■ **Source data**:
━━━
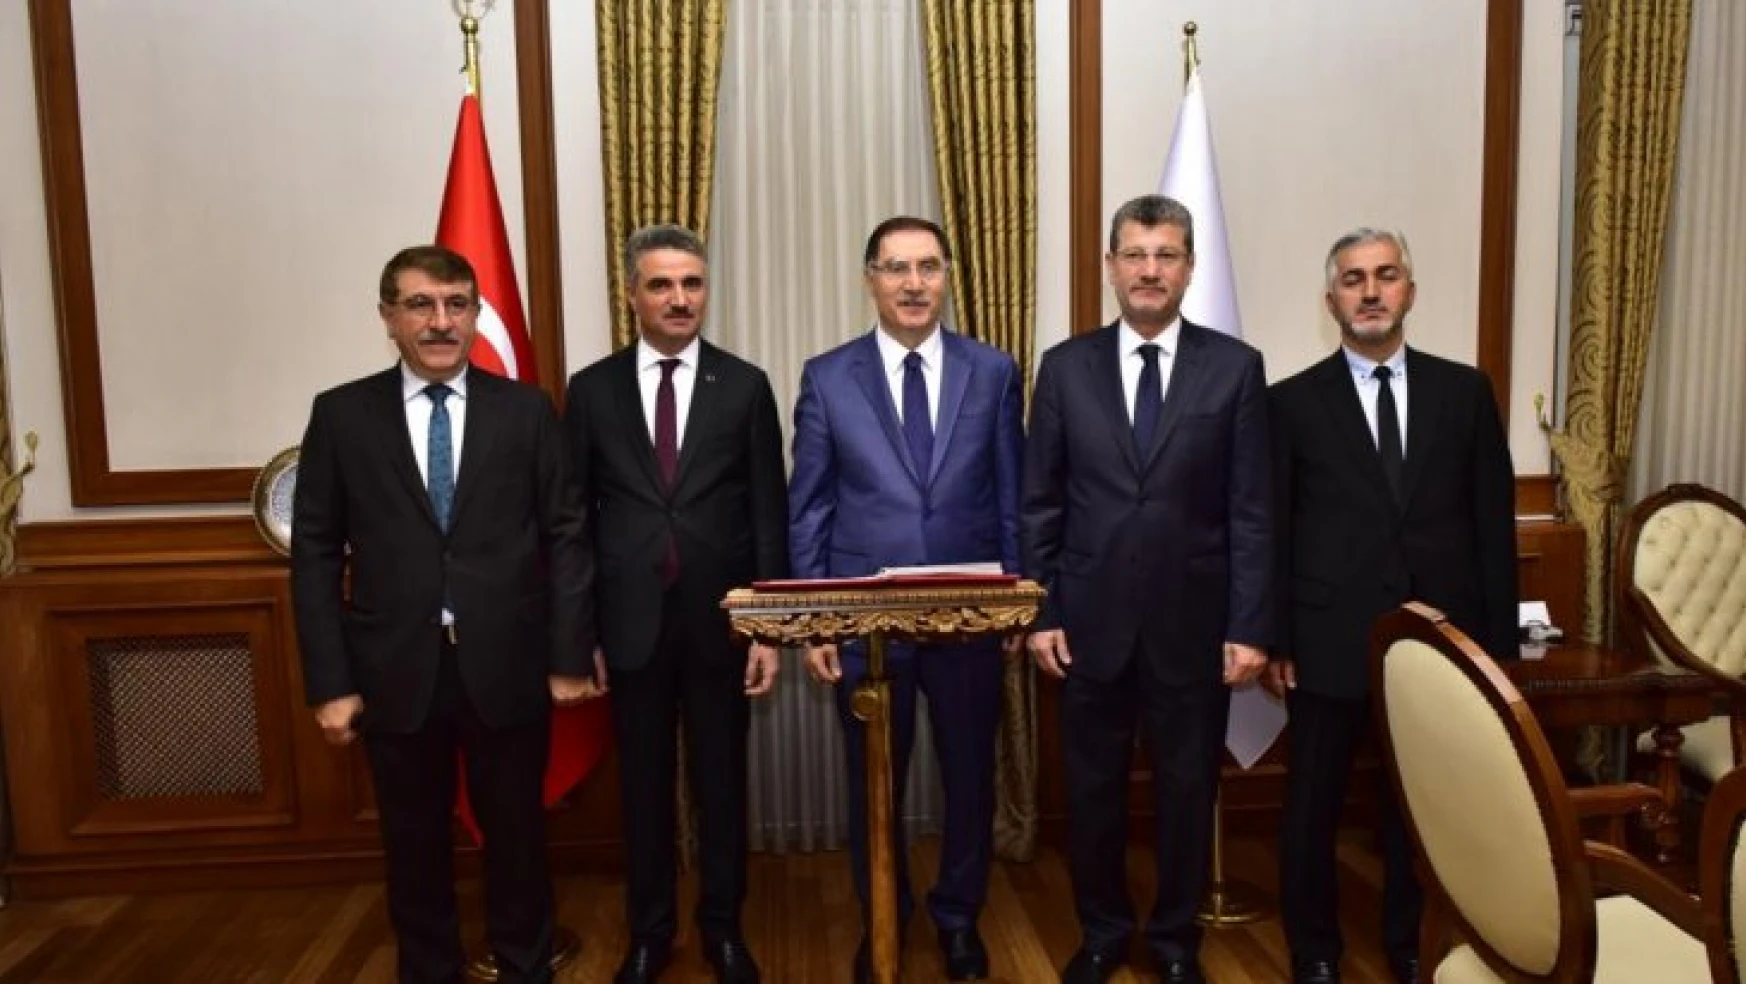 Kamu Başdenetçisi (Ombudsman) Şeref Malkoç, Vali Aydın Baruş'u Ziyaret Etti
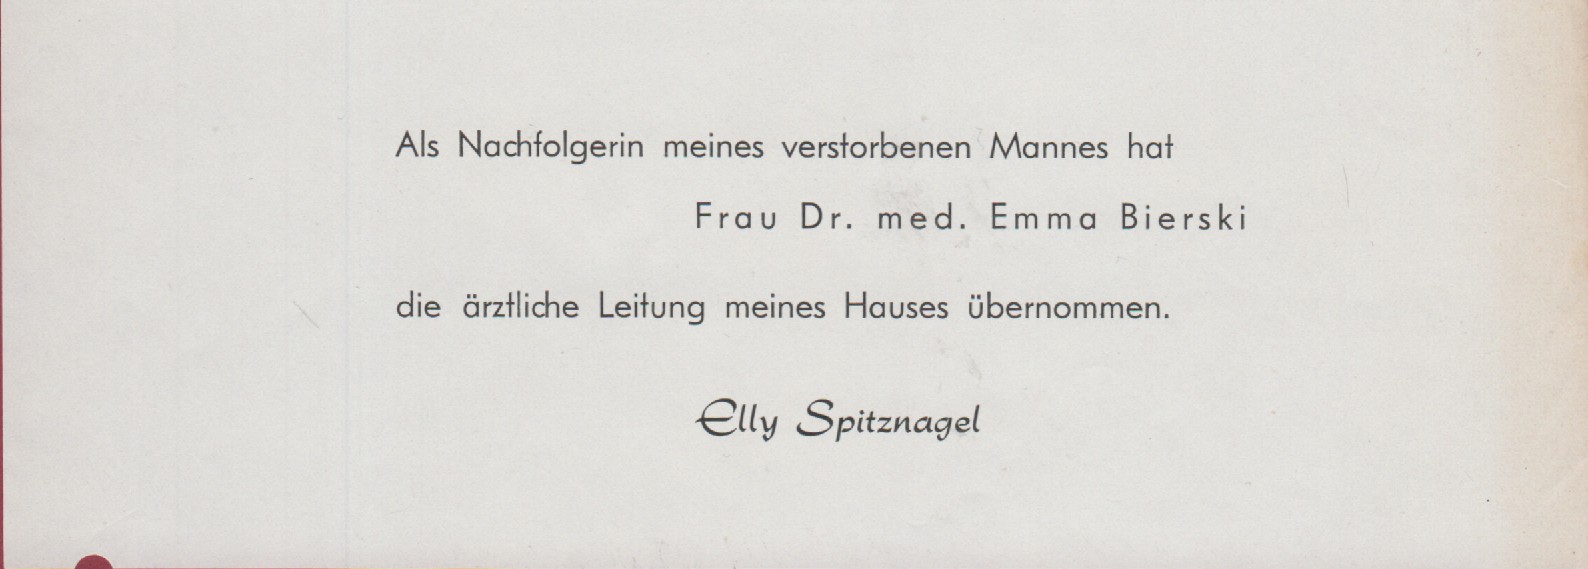 Mitteilung als Einleger im Flyer mit Ankündigung der neuen med. Leitung des Sanatorium Spitznagel (Heimatmuseum und -Archiv Bad Bodendorf CC BY-NC-SA)
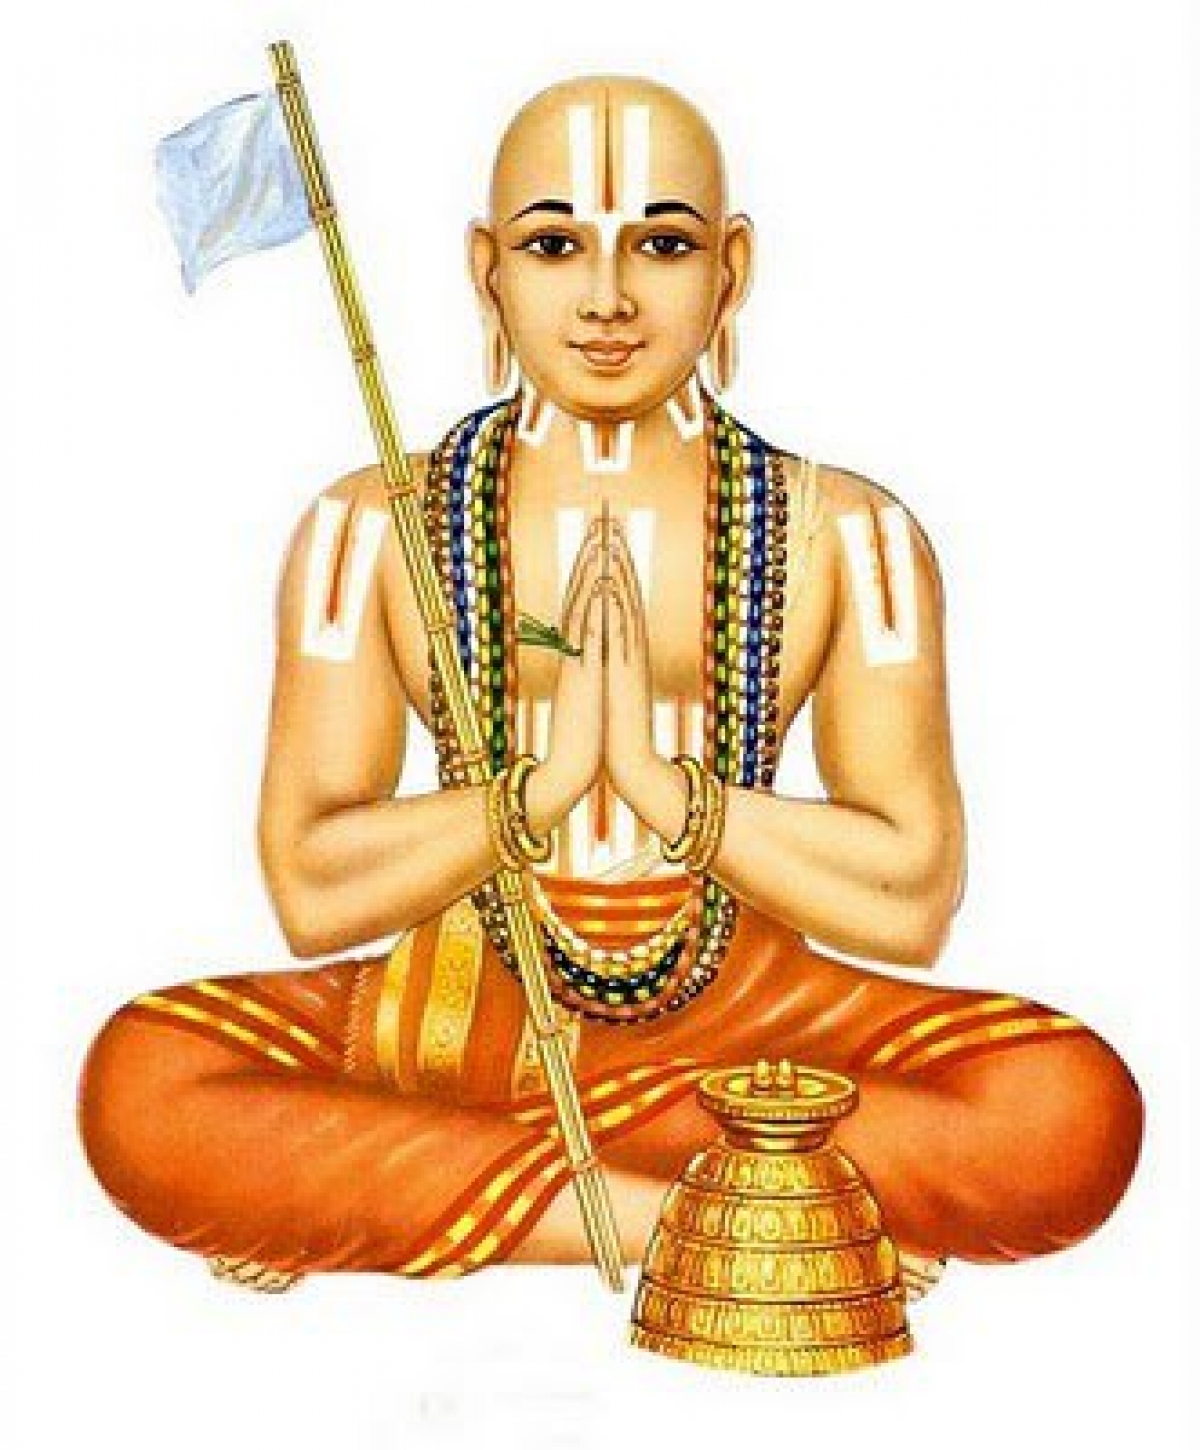 28 апреля 2020 года: Рамануджа-джаянти (День рождения Рамануджа-ачарьи)
━━━
■ **Problem to solve**: When the line that holds "Mitteilung als Einleger" is reached, begin duplicating exactly, and continue through the last line of the listing, skipping the pictures; output nothing else.

■ **Response for this exercise**:
 Mitteilung als Einleger im Flyer mit Ankündigung der neuen med. Leitung des Sanatorium Spitznagel (Heimatmuseum und -Archiv Bad Bodendorf CC BY-NC-SA)
 28 апреля 2020 года: Рамануджа-джаянти (День рождения Рамануджа-ачарьи)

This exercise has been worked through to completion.